I really think the addition of the shot clock would give players so many extra reps over the course of a game, a season, a middle/high school career.
Not all gyms in London and Brazil have a shot clock so the refs would shout 10 or 5 to let players know.
Call me old-fashioned, but this is much better for the long-term development of kids than just saying we can’t do it because we can’t afford it right now
The age cut-off is tricky. Volleyball moved somewhat recently to a July 1 cut-off, from their previous September 1 cut-off, which I actually think made sense given that many parents now delay entry to 1st grade if their kid is a July/August birthday, rather than have them enter 1st grade having just barely turned 6. Since Nationals are end of June, the rule basically becomes, "you have to be 14 for the whole season. If you turn 15 the day after Nationals, you're good." (Of course, there's since been a few times that Nationals has extended into July, creating situations where you have a few kids who have already, for example, turned 15 still playing U14.)

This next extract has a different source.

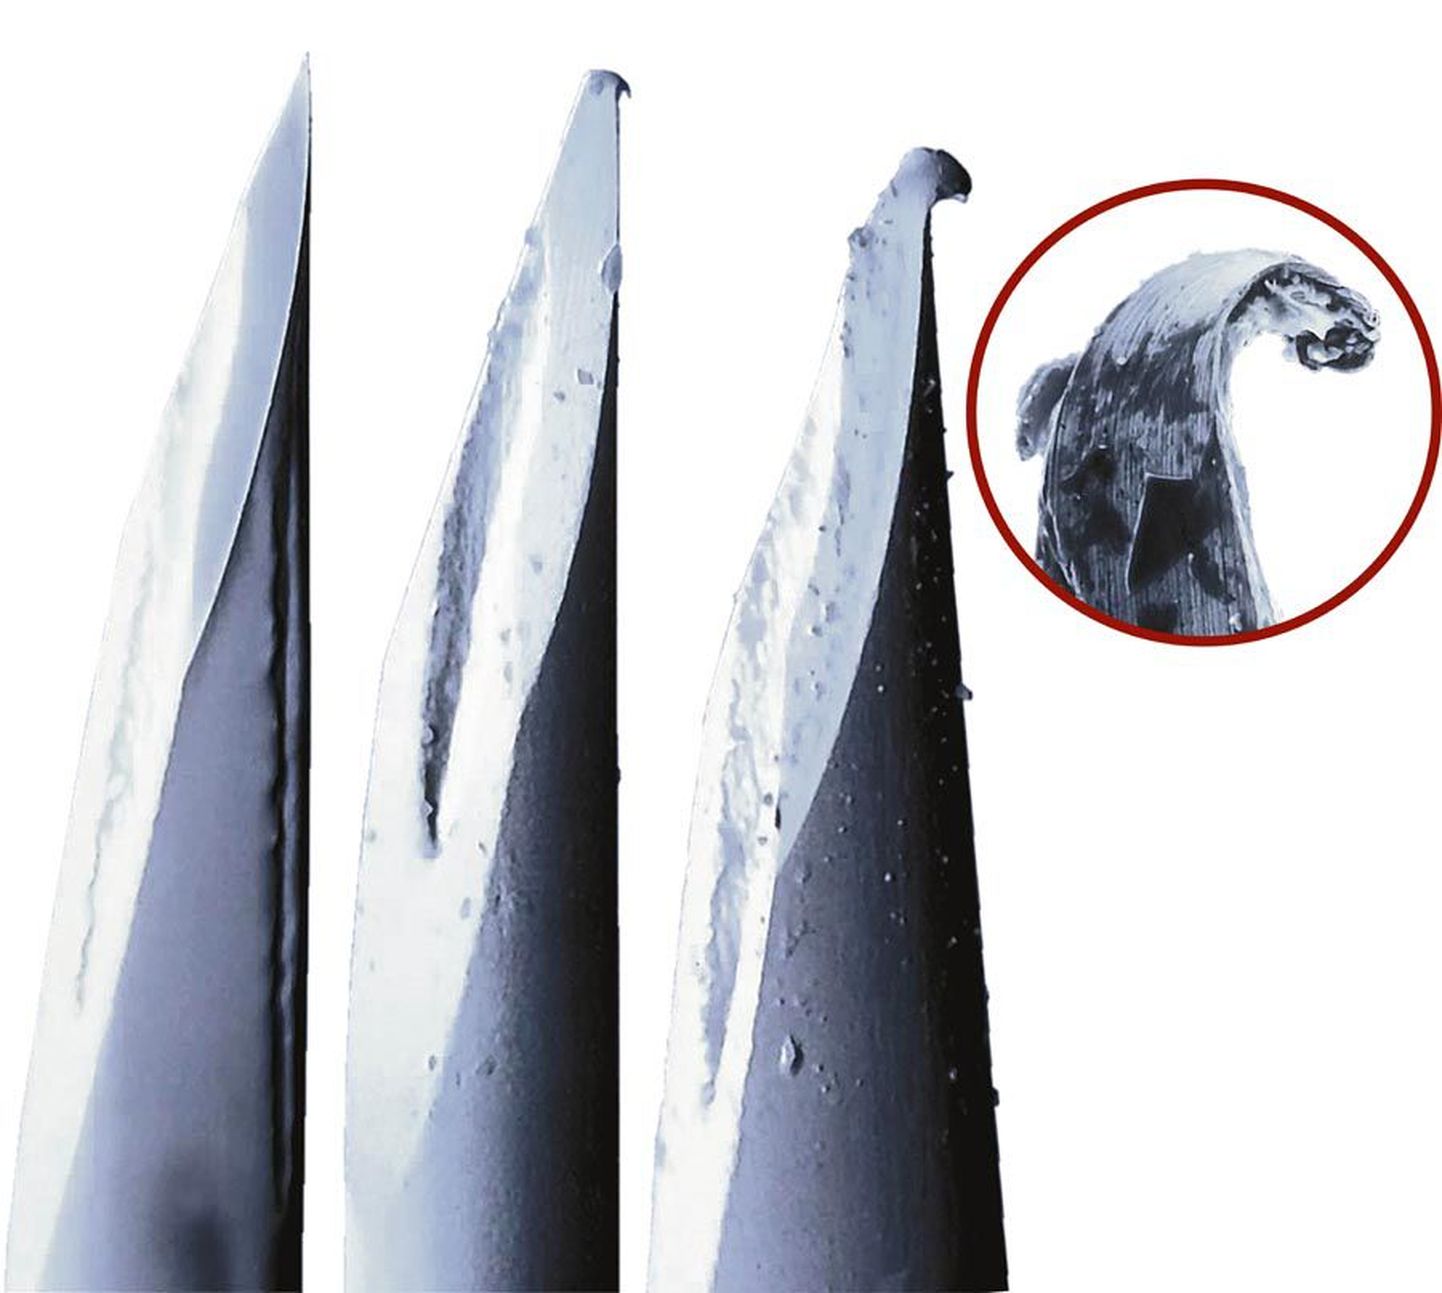 Fotosuurendus uuest (vasakult) ning üks ja kaks korda kasutatud süstlanõelast. Viimasel, eriti tugeva suurendusega pildil on näha kuus korda kasutatud süstlanõela ots.
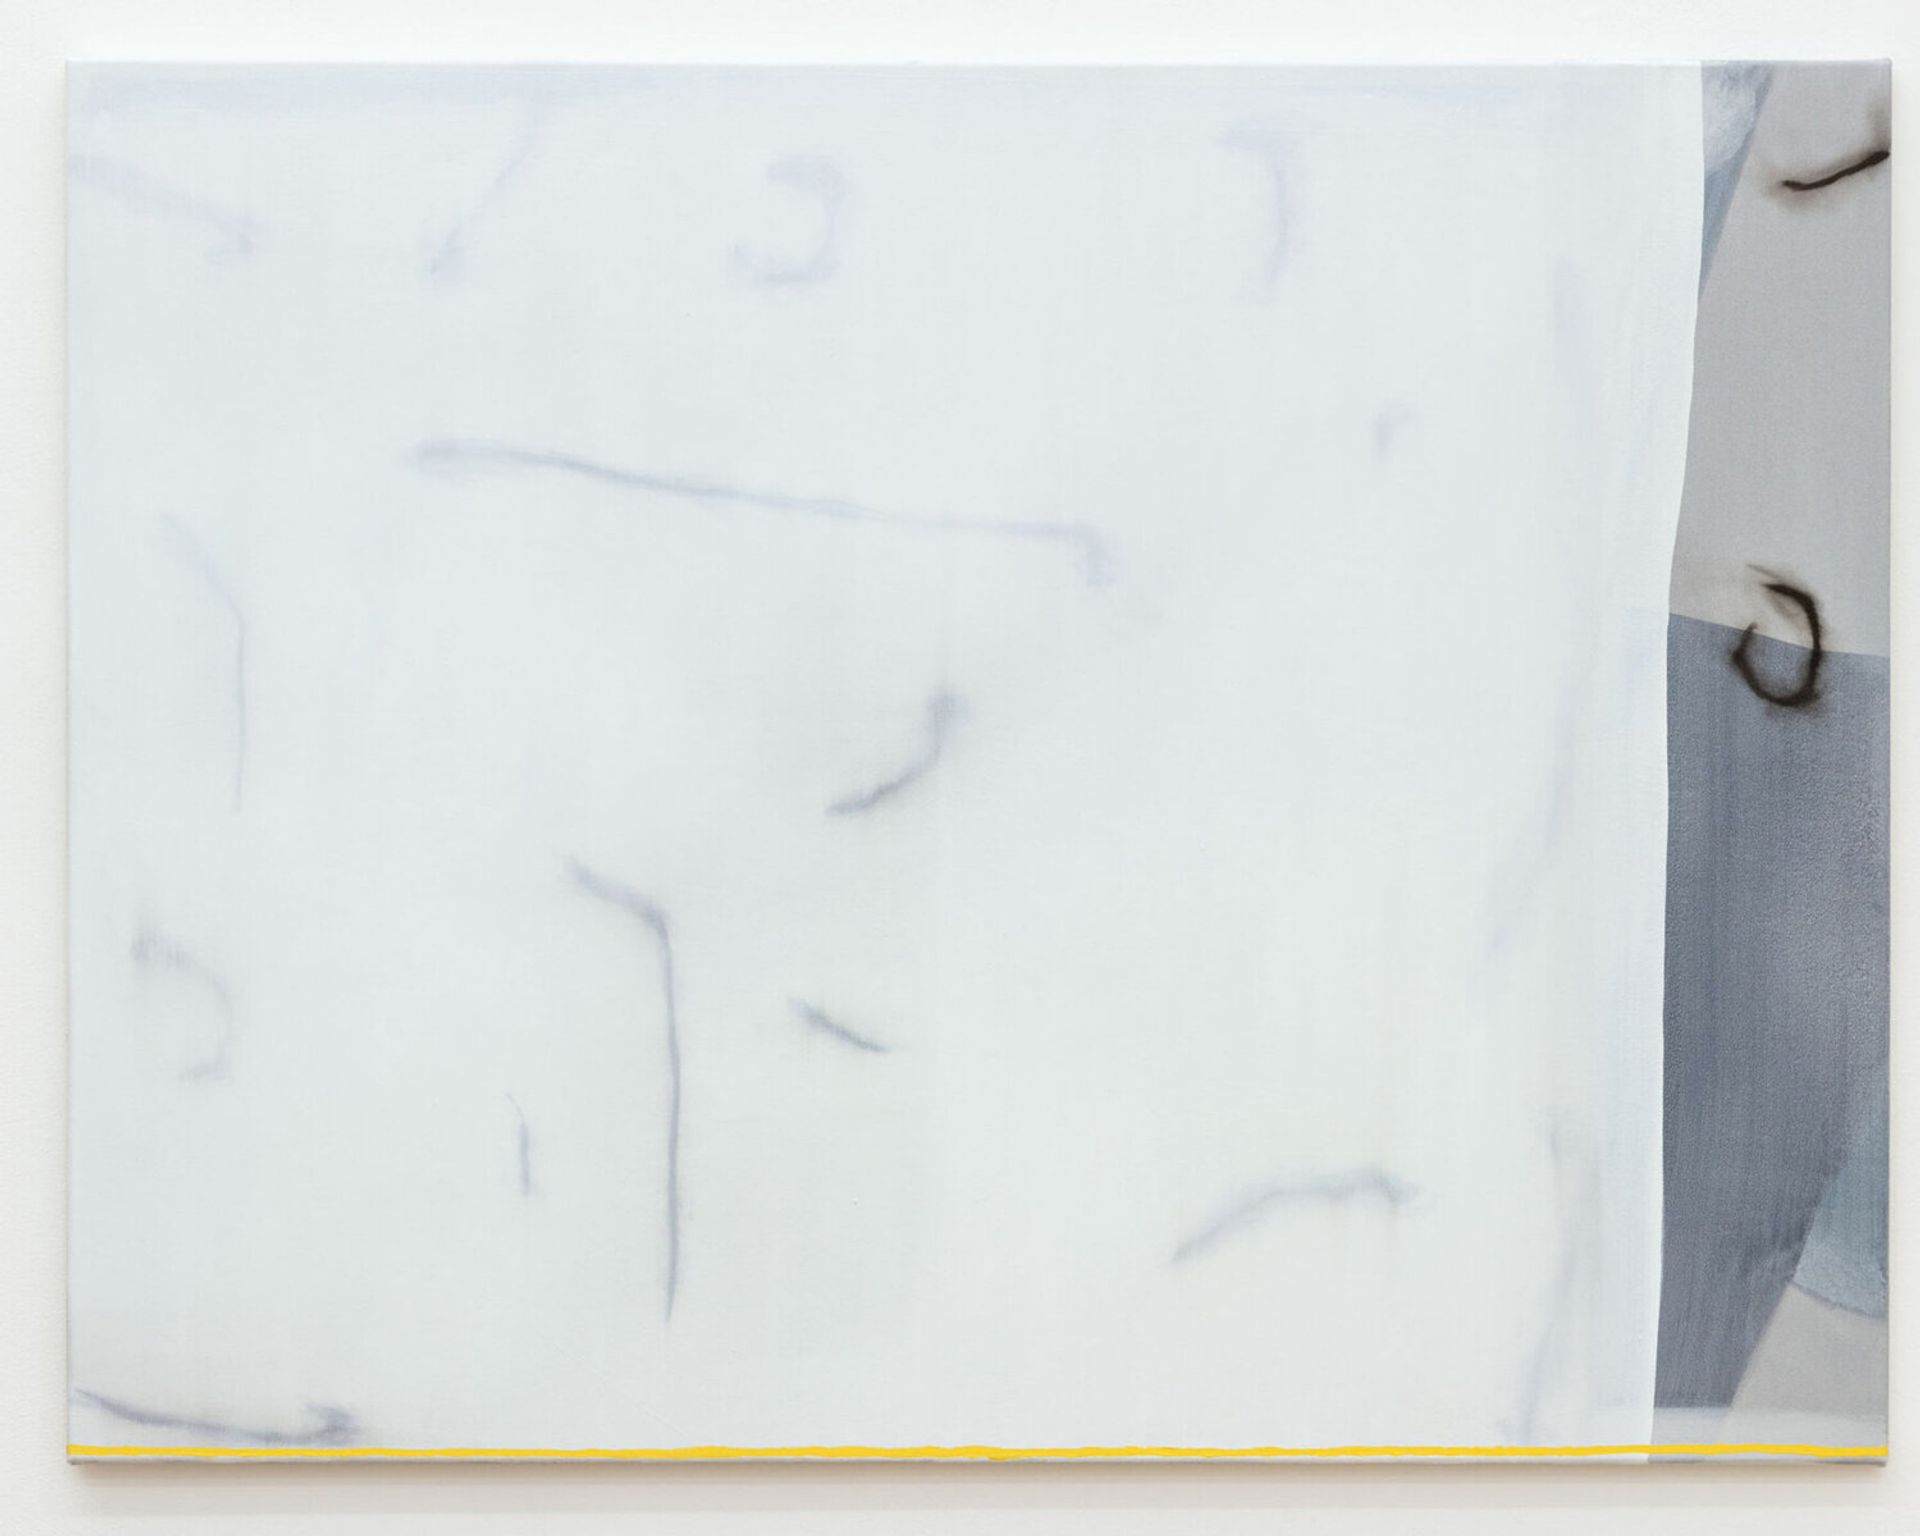 Malte Zenses, schnelle Zeichnung von einer schönen, Hausfassade (Prenzlauer Berg), 2020, lacquer and oil on canvas, 100 × 130 cm

Volleyball does a grade exemption, but only for juniors. If you're an old junior, you can still play U17, even though you might already be 18. The logic is that U18s (primarily seniors) often play a shorter season (Nationals is in early May) so as not to conflict with going to college summer school, etc. It makes sense to me. But there are no grade exemptions in earlier years: if you're an old 6th grader, you'll have to play U13, not U12.
I think there's also a decent argument that, with modern computer systems, it also would be trivial to just base the age requirement on the individual tournament. If you're playing U15, you need to be 15 for the weekend of that tournament. If you're 15, you can play. Once you turn 16, you need to play 16s.
January cut-off makes much more sense for international competition, because it can purely go by birth-year and college recruiting doesn't drive things internationally. But for American competition, I get the desire to synch things up with birth years.